Singapore and other Southeast Asian economies are poised to remain resilient in the face of increasingly dour signs on the global economy, said Finance Minister Heng Swee Keat.
Economies in the 10-member Association of Southeast Asian Nations “and Asean as a group both continue to grow quite well even this year and next,” Heng told Bloomberg Television’s Haslinda Amin on the sidelines of meetings of the regional bloc in Chiang Rai, Thailand. “There will still be growth even though the growth will be uneven across the world and it’ll be slower than before.”
Global growth has lost momentum since the beginning of the year, a knock for trade-reliant nations in Southeast Asia, especially Singapore. For now, regional growth seems to be holding up, with the Asian Development Bank forecasting 4.9% expansion in 2019.
In Singapore, authorities see growth easing to slightly below the midpoint of a 1.5 to 3.5% range this year, after reaching 3.3% in 2018, with inflation remaining benign. Heng said the growth forecast isn’t being revised at this stage.

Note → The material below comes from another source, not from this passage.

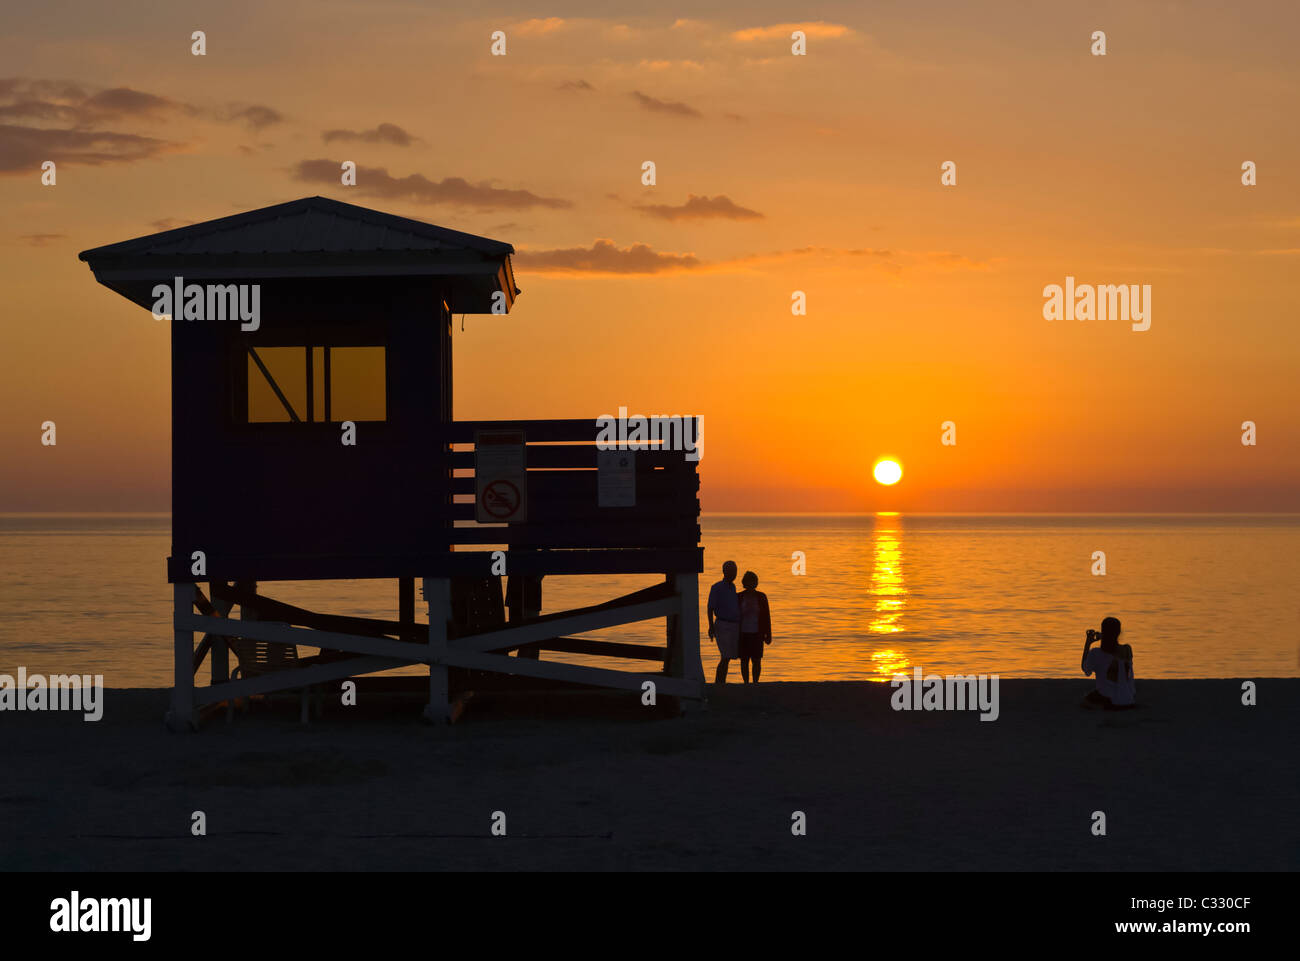 Leben Wache stehen und Menschen Silhouette gegen orange sunset Himmel über Golf von Mexiko aus Venice Beach Florida Stockfoto
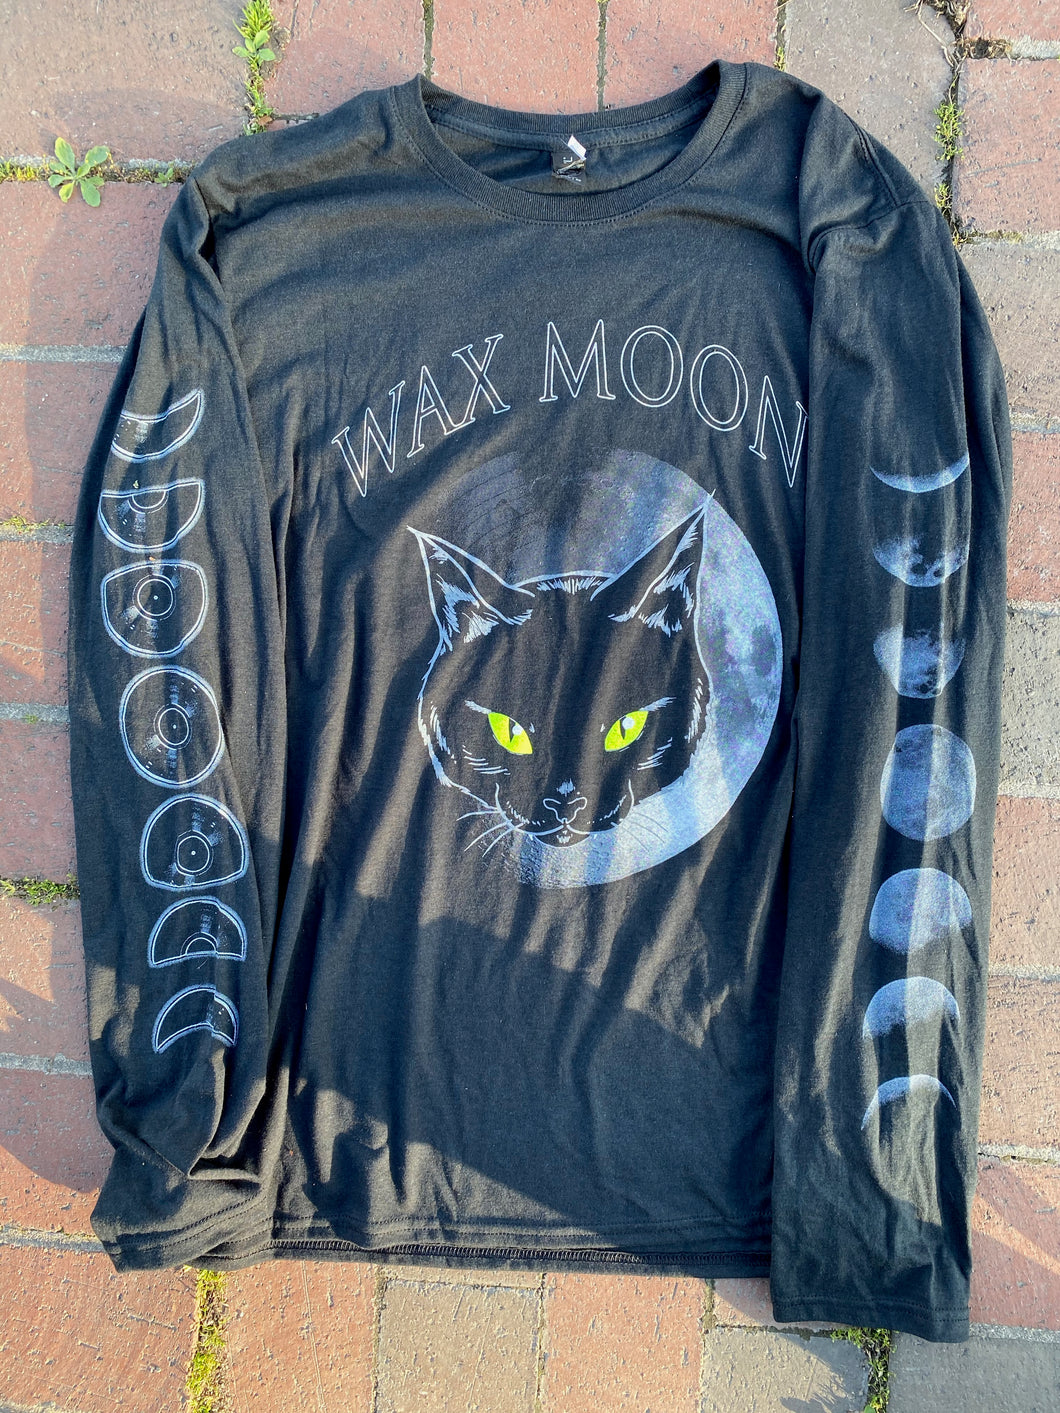 Wax Moon Longsleeve Shirt

The finance minister reiterated that a potential worsening of the US-China trade war is a risk to the global economy, with the two powers yet to ink an agreement that would relieve any of the tariffs put in place on US$360 billion ($488 billion) in goods. Brexit uncertainties and a general malaise among workers about how to adapt amid rapid technological change also weigh on world growth prospects.
In Southeast Asia, regional economies are benefiting as companies adjust supply chains to take account of rising tariffs in the US and China, Heng said.
Conversations with investors “have been generally quite positive, still,” Heng said. “There is a sense that the global supply chain is re-configuring quite rapidly and now people are thinking about the resilience of the supply chain,” which means diversification and movement of operations to Asean economies, he said.
Heng said he’s heard from logistics operators who report a “far higher volume of business” as they move heavy machinery and goods from around the region.
Fiscal and monetary authorities have a smaller margin for managing economic problems after taking unconventional policy measures in the aftermath of the last financial crisis, Heng said.